= Record excerpts =
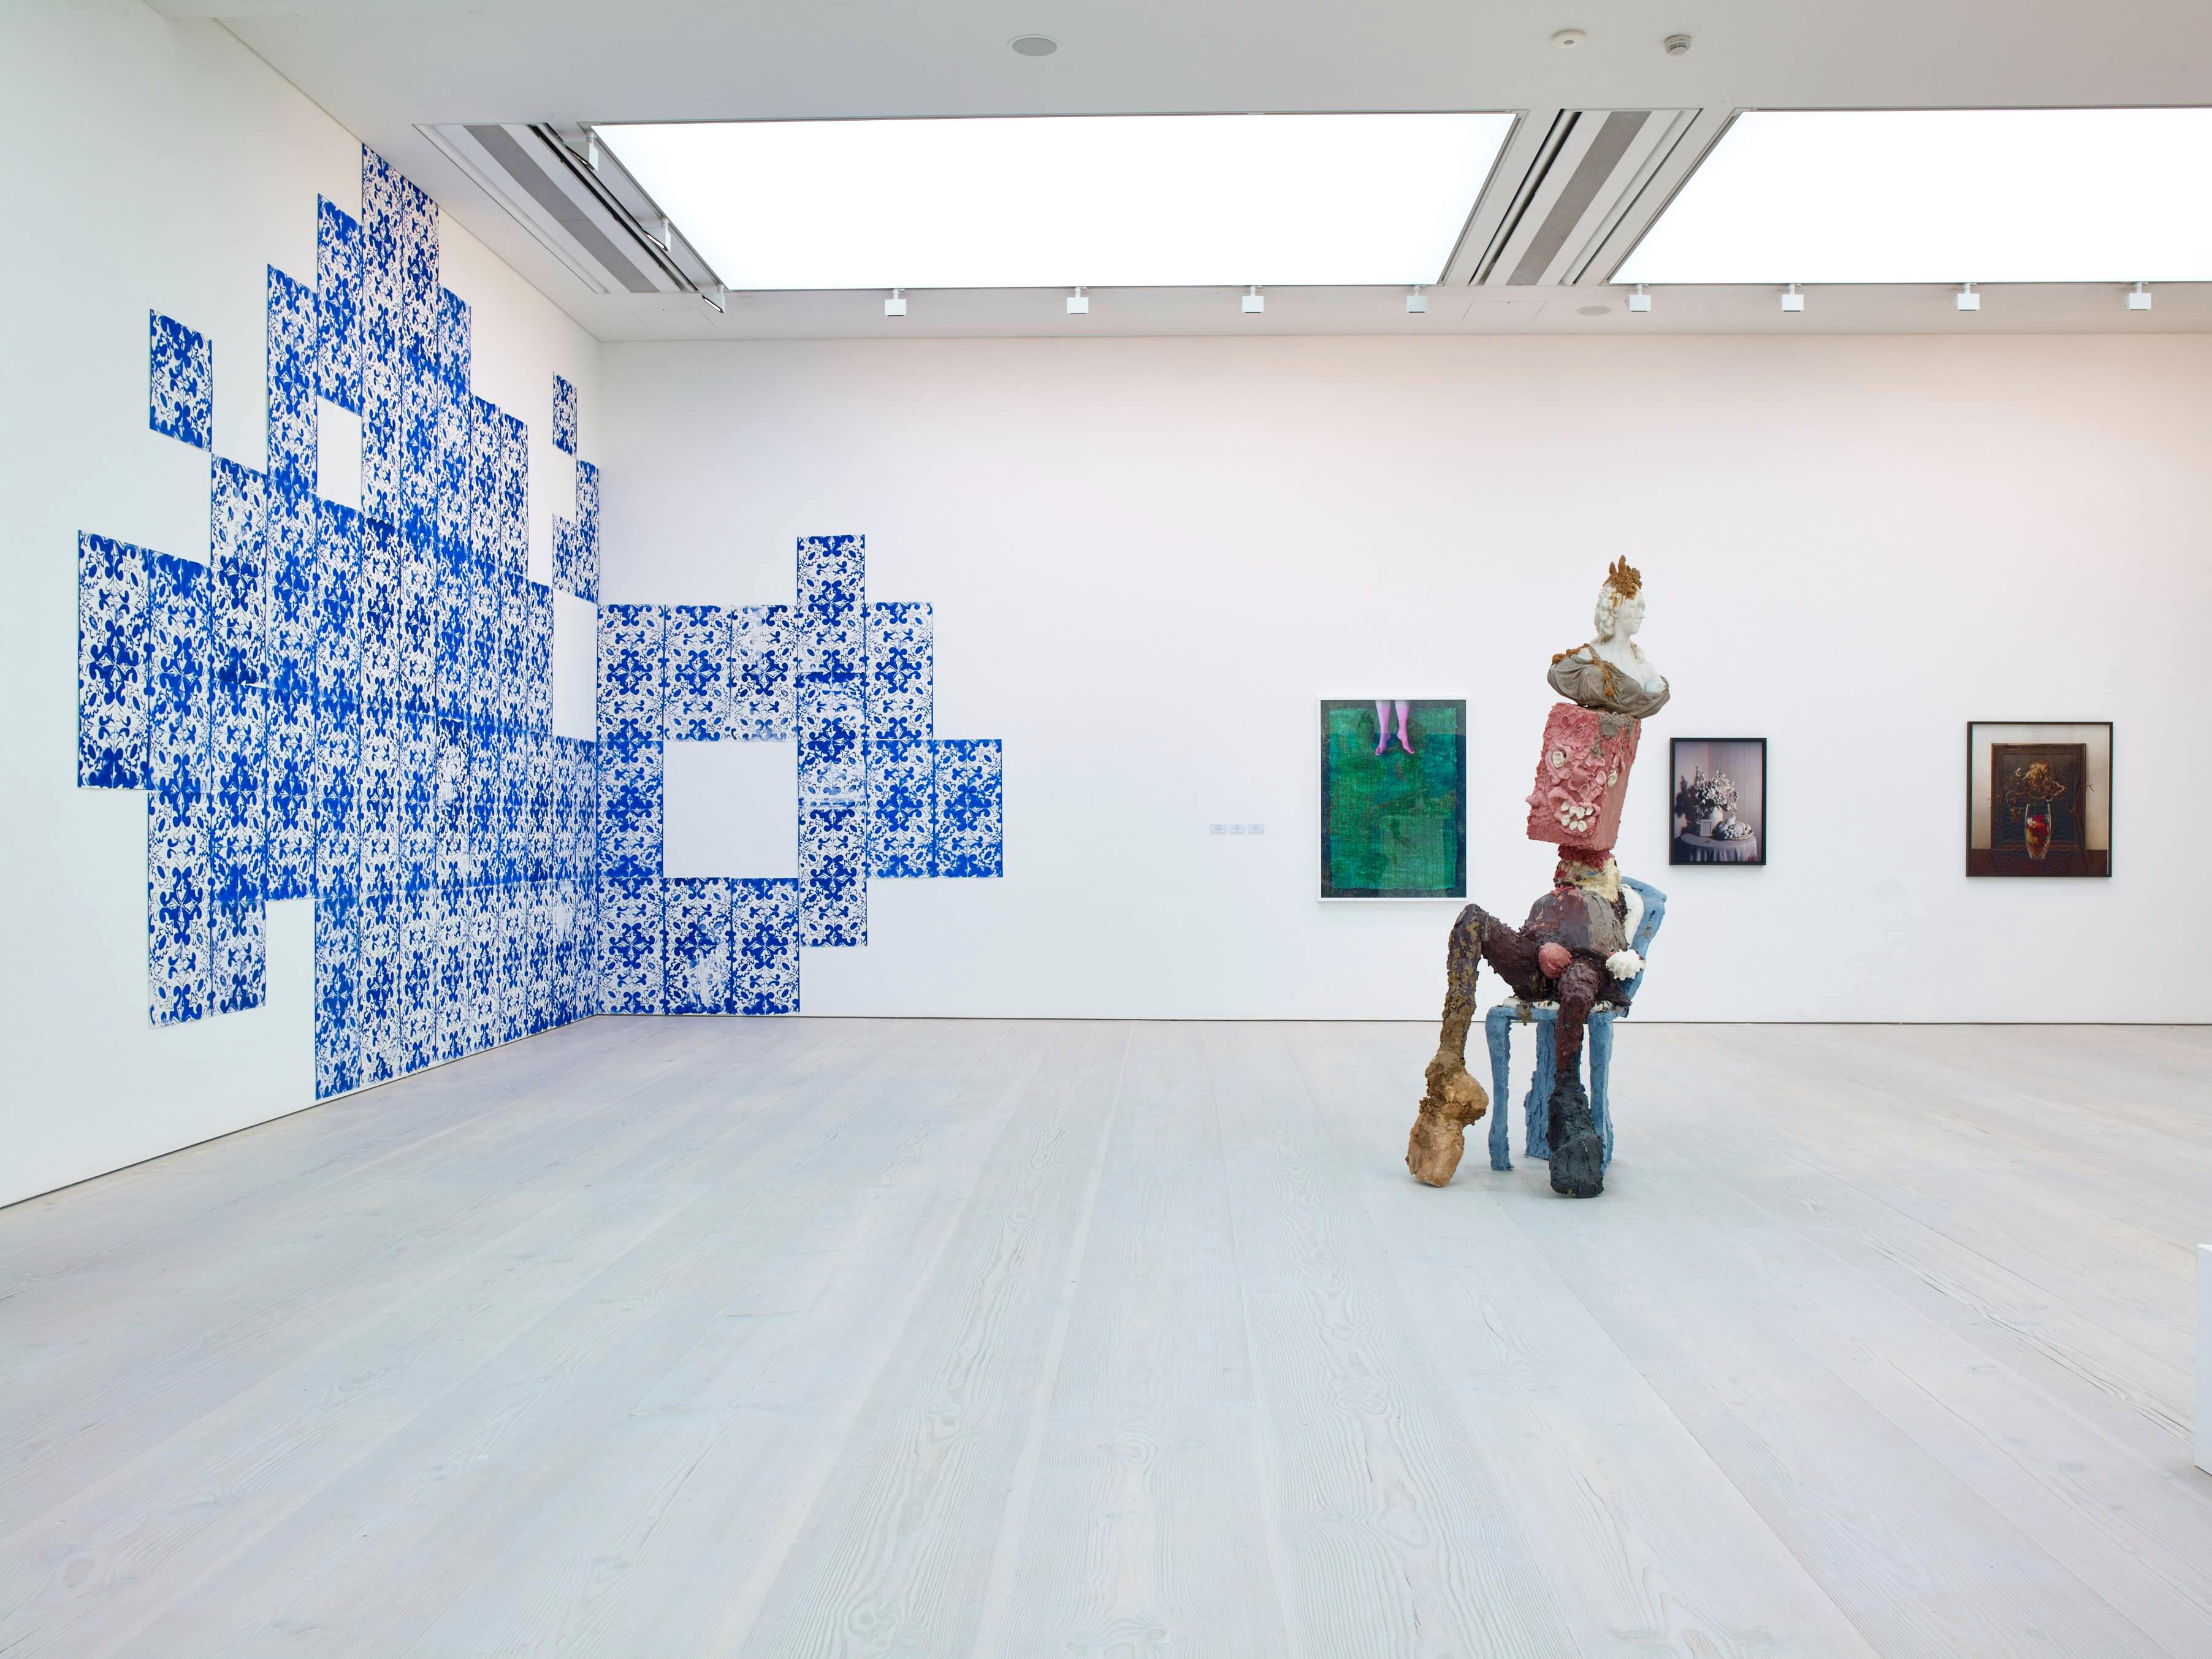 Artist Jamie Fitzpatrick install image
...
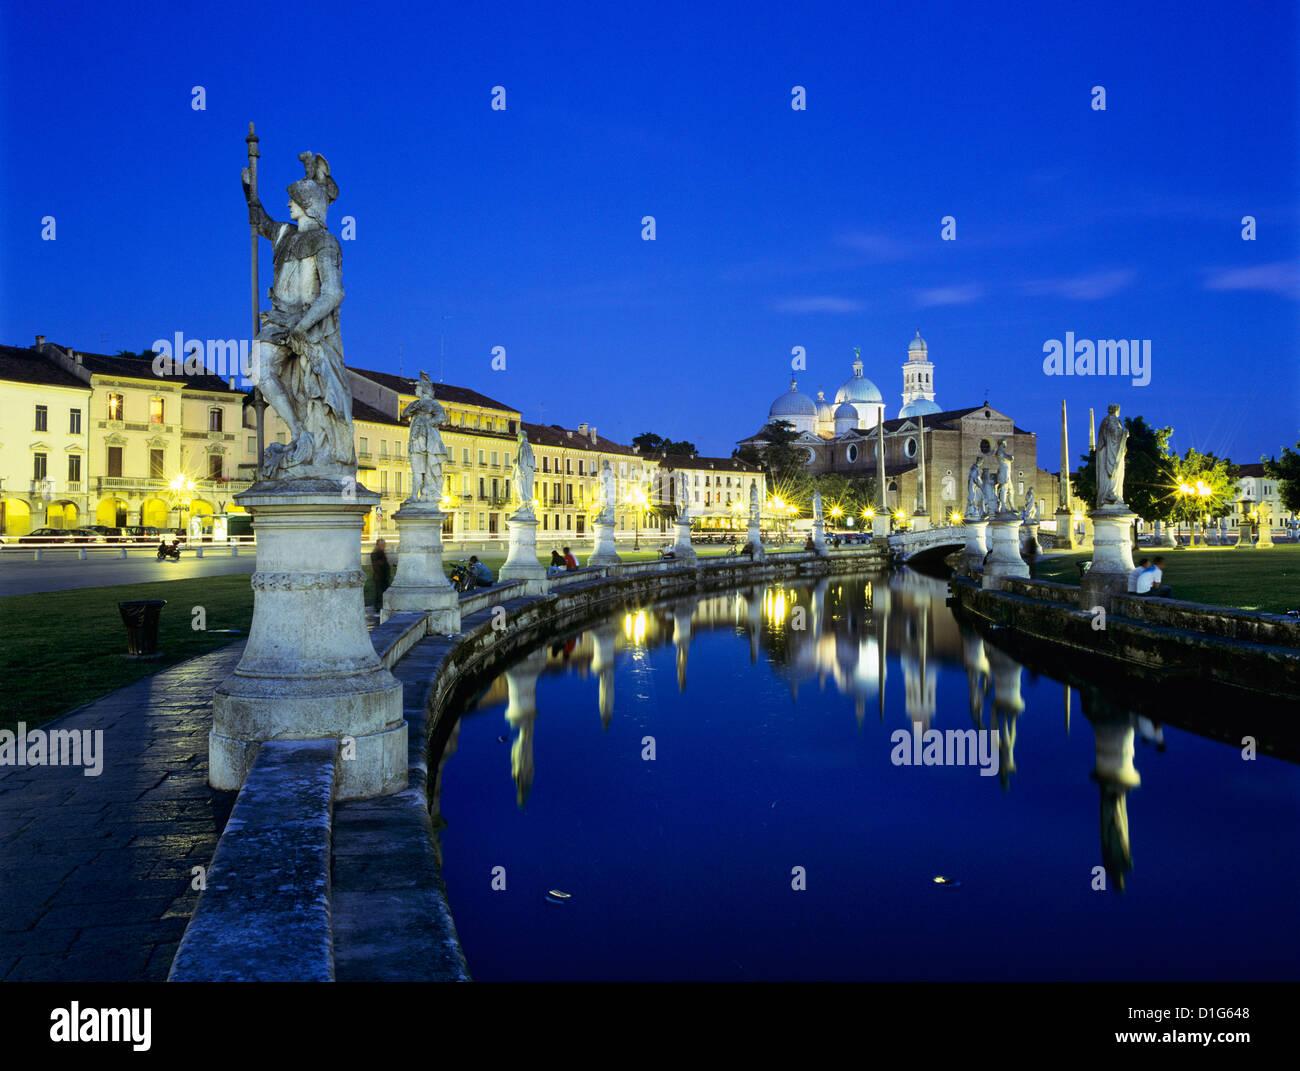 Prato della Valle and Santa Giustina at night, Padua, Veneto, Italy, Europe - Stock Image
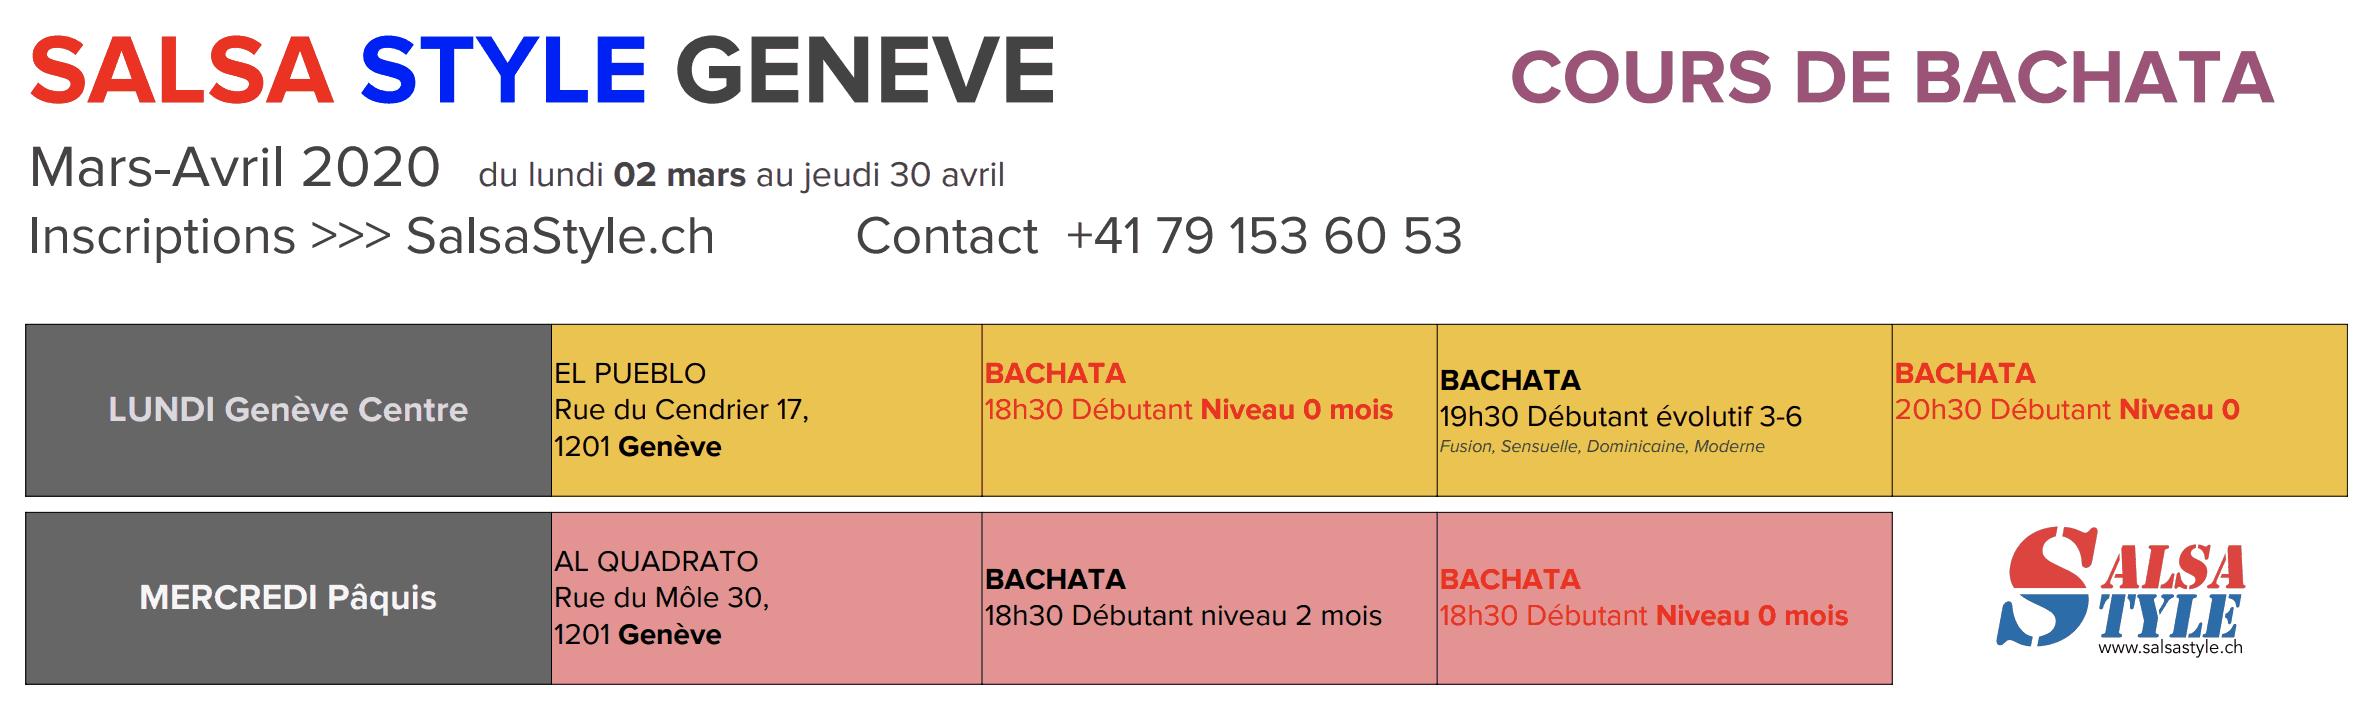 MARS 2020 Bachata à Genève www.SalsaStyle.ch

= Requirement =
The reply should hold the entries above from the line with "Prato della Valle" to the line with "MARS 2020 Bachata à Genève www.SalsaStyle.ch", duplicated exactly, pictures excluded.

= Written answer =
 Prato della Valle and Santa Giustina at night, Padua, Veneto, Italy, Europe - Stock Image
 MARS 2020 Bachata à Genève www.SalsaStyle.ch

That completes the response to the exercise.